傷を塞ごうとする程、拘束がより強固になる。
ハンジ考案の “対特定目標拘束兵器” だ。
拘束した状態から、リヴァイ・レイ・ミケの3人が、一斉に女型のうなじに刃を振るう。
しかし、鎧の巨人と似た硬質化能力により、
兵団の持つブレードでは全く歯が立たない。
金属が砕ける乾いた音だけが、虚しく森に響く
(……また壊れた。これで何本目だろう。)
レイは刃の折れたブレードに視線を落とす。
そんな状況を見ていたエルヴィンから、
新たな命令が下る。
手を吹き飛ばす為、発破を準備せよとの指示だ
うなじの中身ごと吹き飛ばす可能性のある兵器だが、手首を切断する形での準備が進められた。
━━━
「……おい、いい加減に出てきてくれないか?」
女型の頭部に乗ったリヴァイが、
静かに口を開く。
「こっちはそんなに暇じゃないんだが」
その様子を、レイは少し離れた木の上から見守っていた。
途切れ途切れだが、リヴァイの声が聞こえる。
(……かなり苛立ってる)
無理もない。
仲間もとい部下が、次々に殺された。
潰された者。
ワイヤーごと投げ飛ばされた者。
握り潰された者。
数え切れない程の兵士が、命を落とした。
「1つ聞きたい事があった。お前の手足を切断しても大丈夫か?」
リヴァイの低い声が落ちる。
「また生えてくるんだろう?お前自身の本体の方だ。死なれたりしたら困るからな。」
静かな怒りの声。
女型を脅し、責め立てるように言葉を重ねる。
その瞬間───
女型の巨人が、雄叫びを上げた。
森全体を震わせる咆哮。
耳を塞いでも尚、脳天を貫くような声が響く。
同時に凄まじい突風が吹き荒れた。
悲鳴のような叫びは、周囲にいた作戦実行班だけでなく、森を囲む兵士・エレン達の耳にも届いた。
木々が激しく揺れ、葉が舞い上がる。
暫くすると、女型の叫びは収まった。
しかし──
「エルヴィン、匂うぞ。」
ミケが深刻な表情で、エルヴィンに告げる。
「方角は?」
「……全方位から多数。同時に。」
叫びが落ち着いたのも束の間。
森の木々が再び激しく揺れた。
地鳴りのような振動と共に、
全方位から巨人たちの足音が迫る。
レイは振動を感じ取ると、
即座にリヴァイの元へ駆け寄った。
一足先に東から巨人が現れ、
荷馬車護衛班が迎え撃つ。
しかし、巨人たちはそれを無視し、
女型の巨人の方へ一直線に向かう。
遠くから、リヴァイの名を呼ぶ声が聞こえる。
「おい、てめぇ」
リヴァイが女型の頭を踏みつける。
「さっき何かしやがったな」
舌打ちが響く。
「……兵長、来ます。」
「……仕方ねぇ、やるぞ」
「了解」
2人はブレードを構え、戦闘態勢に入る。
一瞬 目線が交わったかと思うと、次の瞬間には各々が立体機動に移り、空を切っていた。
レイが大きく刃を振りかざし、先頭の巨人を仕留める。
うなじが裂け、巨体が崩れ落ちる。
その横をリヴァイがすり抜け、脇から出てきた残りの2体を同時に倒した。
しかし、2人だけでは到底捌ききれない程の巨人が集結し、一斉に女型の巨人に飛びかかる。

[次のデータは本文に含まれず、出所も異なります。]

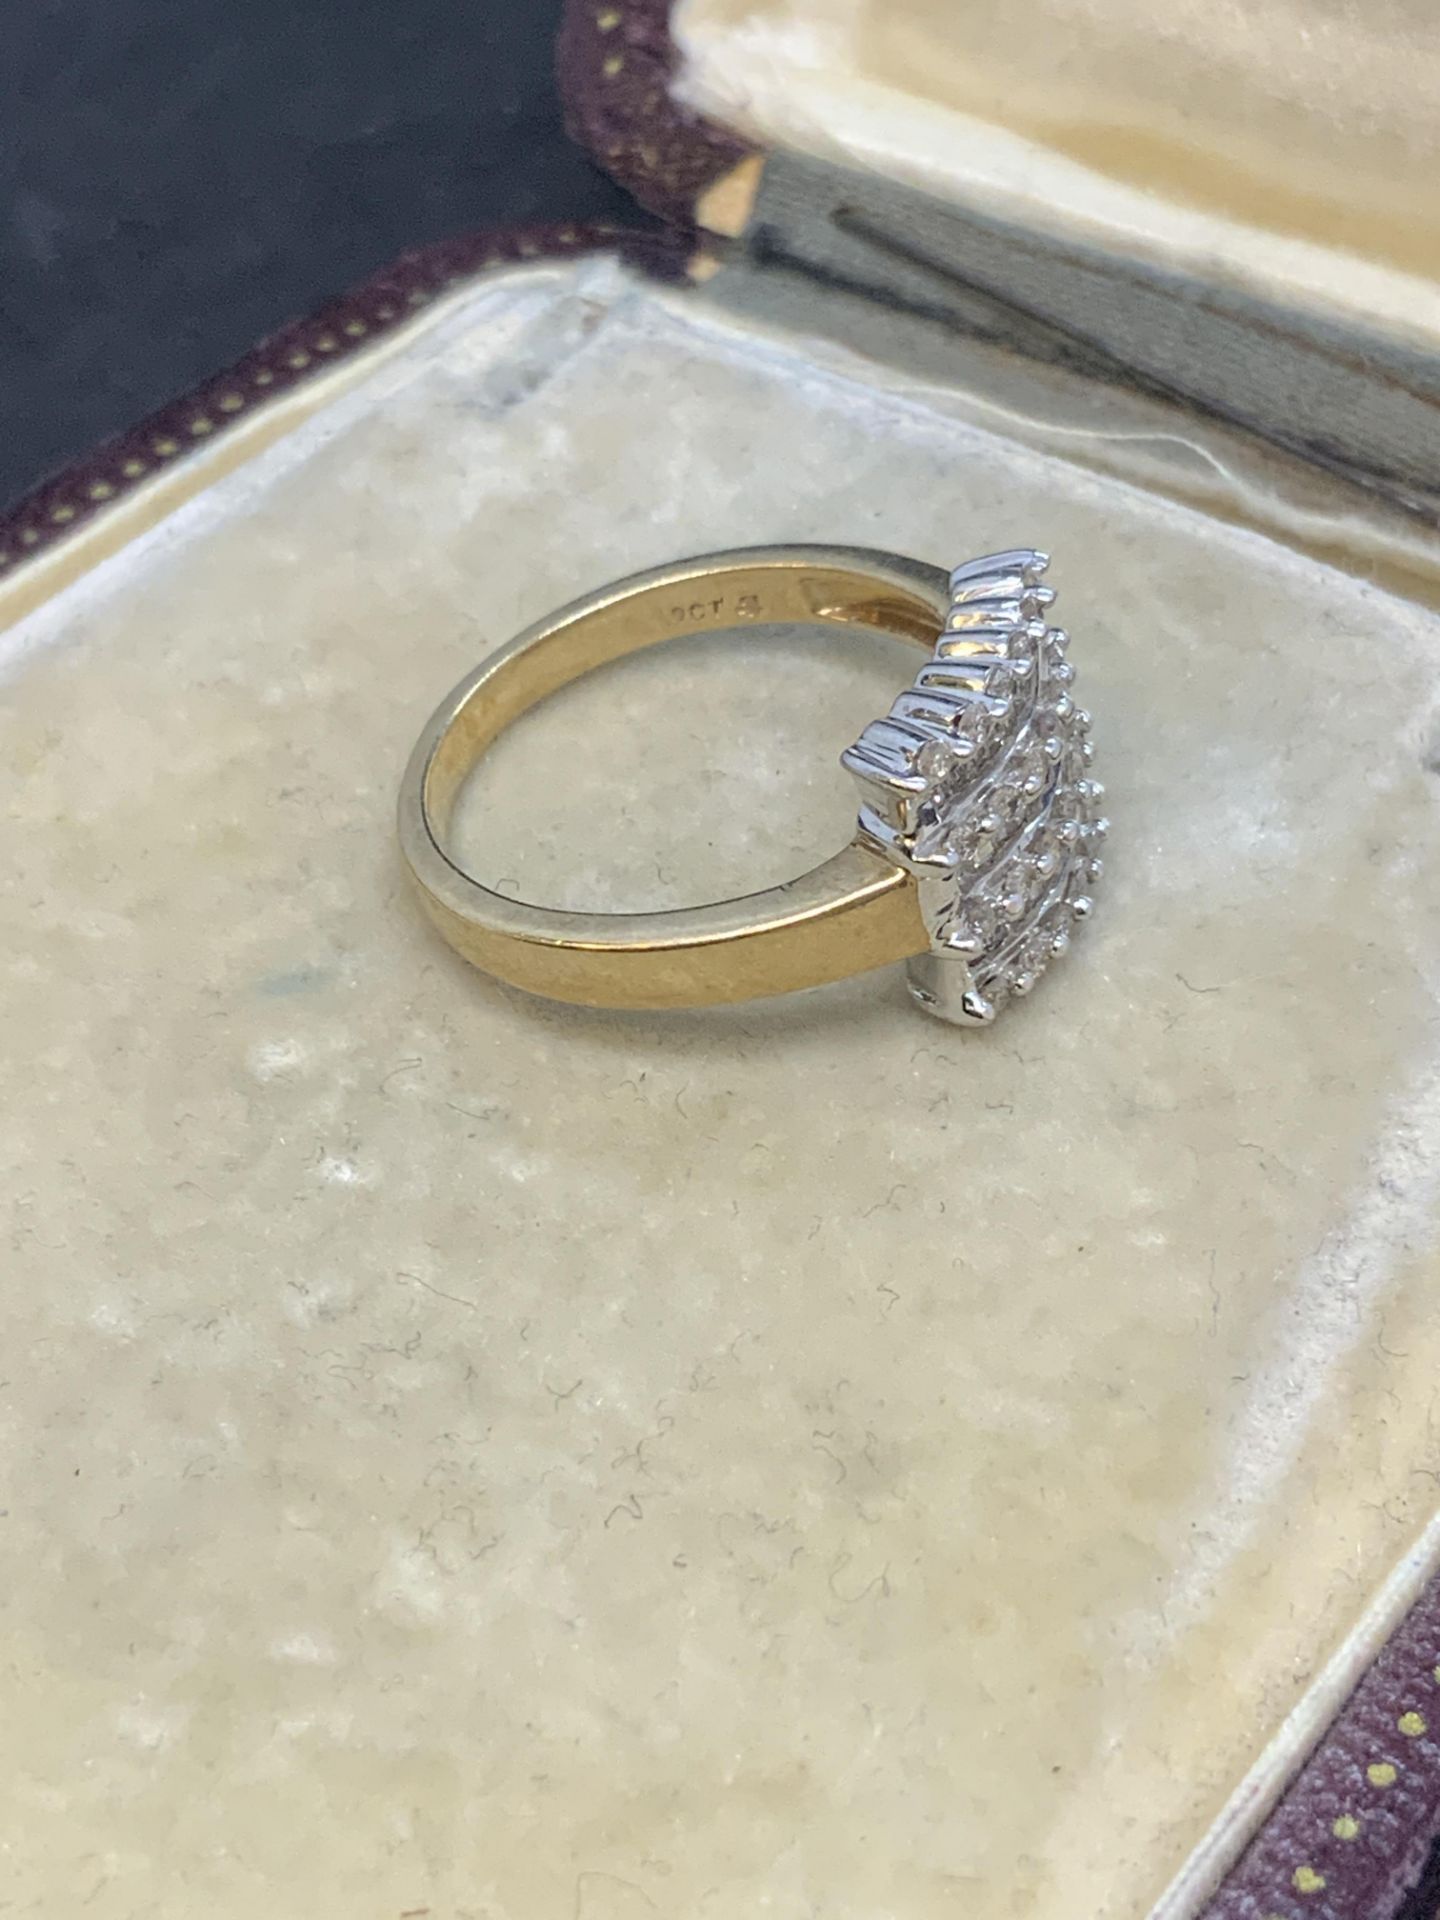 9ct GOLD 0.80ct APPROX DIAMOND SET RING - Image 3 of 6

(前方の兵士だけでなく、女型に1番近い私たちでさえも無視。これは一体……?)
今までの巨人たちからは考えられない動きに、レイを含め、その場の全員が困惑する。
その時、エルヴィンからの号令が響く。
「全員、戦闘開始!」
「女型の巨人を死守せよ!」
周りの兵士は一斉に戦闘態勢に入り、女型に襲いかかる巨人のうなじを切り落としていく。
リヴァイやレイも死力を尽くす。
だが、巨人たちの勢いは止まらず、遂に女型の首・四肢を全て引きちぎってしまった。
その様子を見たエルヴィンは目を閉じ、やるせない気持ちを抑え、指示を出した。
「総員、撤退!!」
「陣形を再展開、カラネス区へ帰還せよ!」
━━━
撤退命令から数分後。
女型は無垢の巨人たちによって、
骨の髄まで喰い尽くされた。
リヴァイやレイを含む、数多くの兵士たちは、
その様子をただ呆然と見つめるしかなかった。
そんな中──
エルヴィンだけが、微かに笑っていた。
「なんて面だ。てめぇ、それは……」
その表情を見たリヴァイは、
ほんの少し 動揺の色を見せる。
「敵には、全てを捨て去る覚悟があったという事だ。」
エルヴィンが続ける。
「自分ごと巨人に食わせ、情報を抹消するとは」
レイは2人の話を小耳に挟みながらも、
先の戦闘時に感じた違和感を思い出していた。
(……さっきの兵士、様子がおかしかった。)
女型死守の命令が下った後、多くの兵士が入り乱れながら巨人を討伐していた。
そんな中で、
兵士同士の衝突が起こる事は少なくない。
実際にレイ自身も、戦闘時には1人の兵士とぶつかってしまった。
本来なら、その場で体制を立て直し、
即座に別の個体の方へ向かう。
しかし、その兵士は大きくよろめき、戦場から距離を取るように、蒸気と共に姿を消した。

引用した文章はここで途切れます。